Esas complicaciones son de diversa índole y van desde el plano laboral hasta el emocional. También involucran la capacidad y el deseo de aprender, junto con el desarrollo de herramientas de relacionamiento social.
Dado que el final de la emergencia causada por el coronavirus todavía puede demorarse un largo tiempo, los expertos señalan que el trauma está lejos de ser temporal. Las preocupaciones sobre las secuelas que dejará esta situación son comunes en la mayoría de los países, por motivos de diversa índole.
No hay duda de que si las alarmas son ignoradas, tendrán incluso efectos políticos por parte de quienes ejercerán su derecho al voto para castigar a partidos y líderes que no lograron –o no supieron– mitigar la crisis.
UN CAMBIO ABRUPTO
Muchos de los afectados tratan, por el momento, de racionalizar lo que les sucedió.
Ese es el caso de Luciana García, quien comenzó 2020 con grandes expectativas de lo que serían sus últimos meses en el bachillerato. “Estaba esperando cerrar esta etapa de mi vida de la mejor manera, disfrutando los viajes, eventos y ceremonias que teníamos en mente”, cuenta.
Agrega que cuando se suspendieron las clases presenciales el 13 de marzo, “todos pensábamos que sería algo de dos semanas, pero con el tiempo nos dimos cuenta de que ese había sido nuestro último día de colegio”.
El impacto no ocurrió solo en ese momento. “Los planes que tenía se vieron afectados y me tocó cambiar de universidad y carrera. Hoy, en medio de la pandemia y cinco meses después, siento que la incertidumbre es peor y que nada es como pensamos que iba a ser”, concluye esta bogotana de 18 años.
Si bien no faltará quien menosprecie la trascendencia del acto de grado o de despedirse de los compañeros de siempre, los expertos coinciden en la importancia de clausurar ciertas etapas y más esta, que implica el ingreso a la edad adulta.
El choque anímico puede incluso hacer más difícil el aprendizaje para quien desee seguir estudiando, entre otras porque la virtualidad continuará siendo la norma y no la excepción. Y a propósito del aprendizaje a través de herramientas digitales, la polémica sobre su prolongación indefinida no cesa.
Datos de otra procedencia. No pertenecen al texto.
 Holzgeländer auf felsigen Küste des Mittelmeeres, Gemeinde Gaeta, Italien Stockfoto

Más allá de los temores sobre si los alumnos en edad escolar son vectores de contagio o forman parte de la población en riesgo, abundan las opiniones de quienes señalan que la inasistencia a un salón de clases amenaza el proceso cognitivo y la propia calidad de lo que se dicta, aun para aquellos que cuentan con acceso a un computador y a una conexión de banda ancha.
Mucho peor es la suerte de los que reciben cartillas para que estudien solos, supuestamente con el acompañamiento de sus padres.
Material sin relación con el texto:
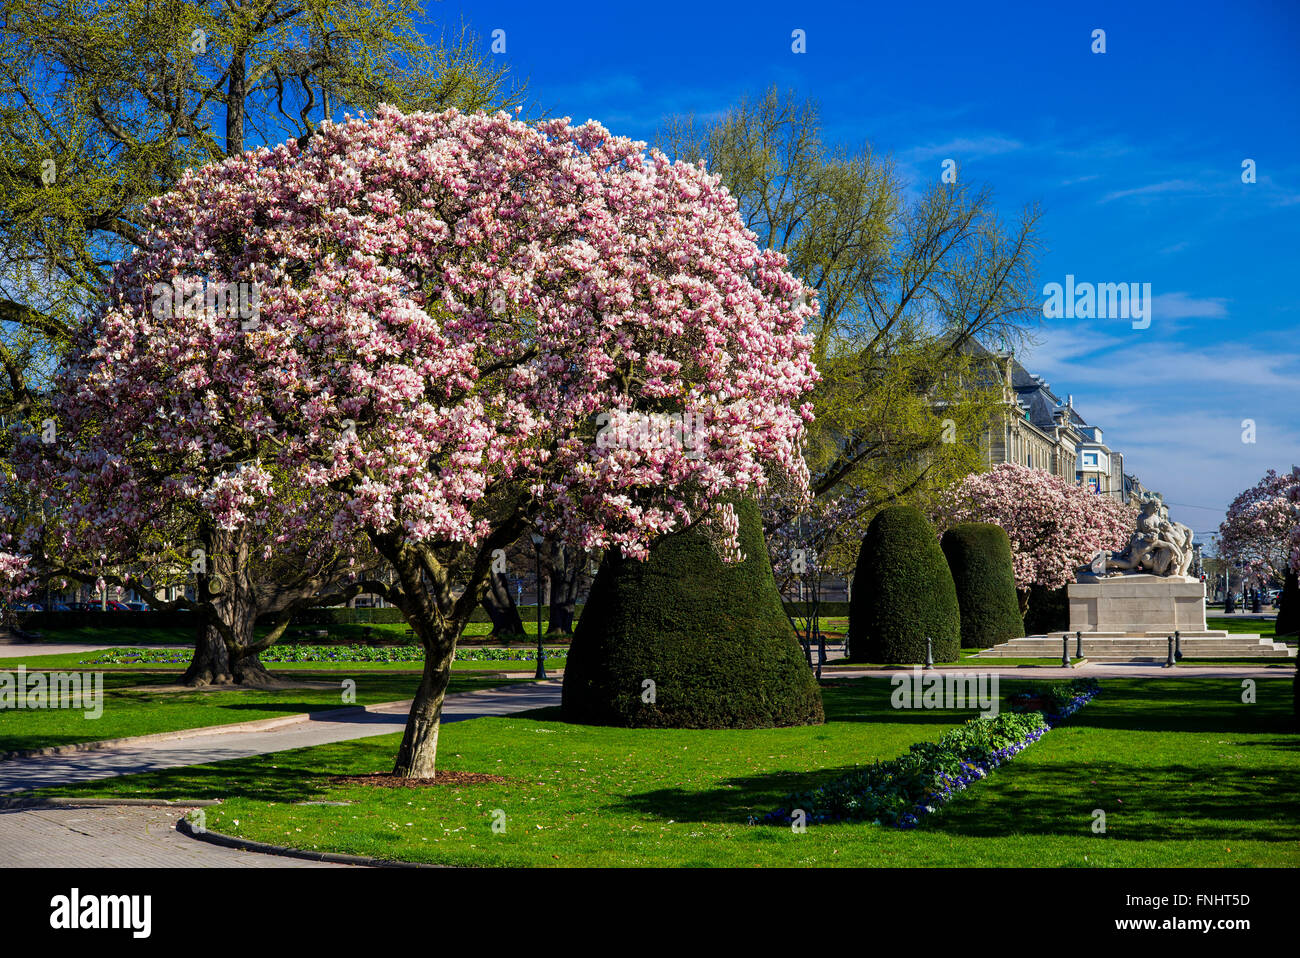 La fioritura degli alberi di magnolia, War Memorial, Place de la République square, quartiere Neustadt, Strasburgo, Alsazia, Francia, Europa Foto Stock

Los reportes de diferentes puntos del país sugieren que en las zonas rurales es poco o nada lo que se logra, mientras que en las urbanas hay una enorme disparidad. Debido a ello, la desigualdad en el nivel de la educación recibida –que ya era un problema antes– es mayor ahora.
En palabras de Adolfo Meisel, rector de la Universidad del Norte, para una gran cantidad de niños “este será un año perdido para el aprendizaje escolar, con el peligro de que aumente la deserción”.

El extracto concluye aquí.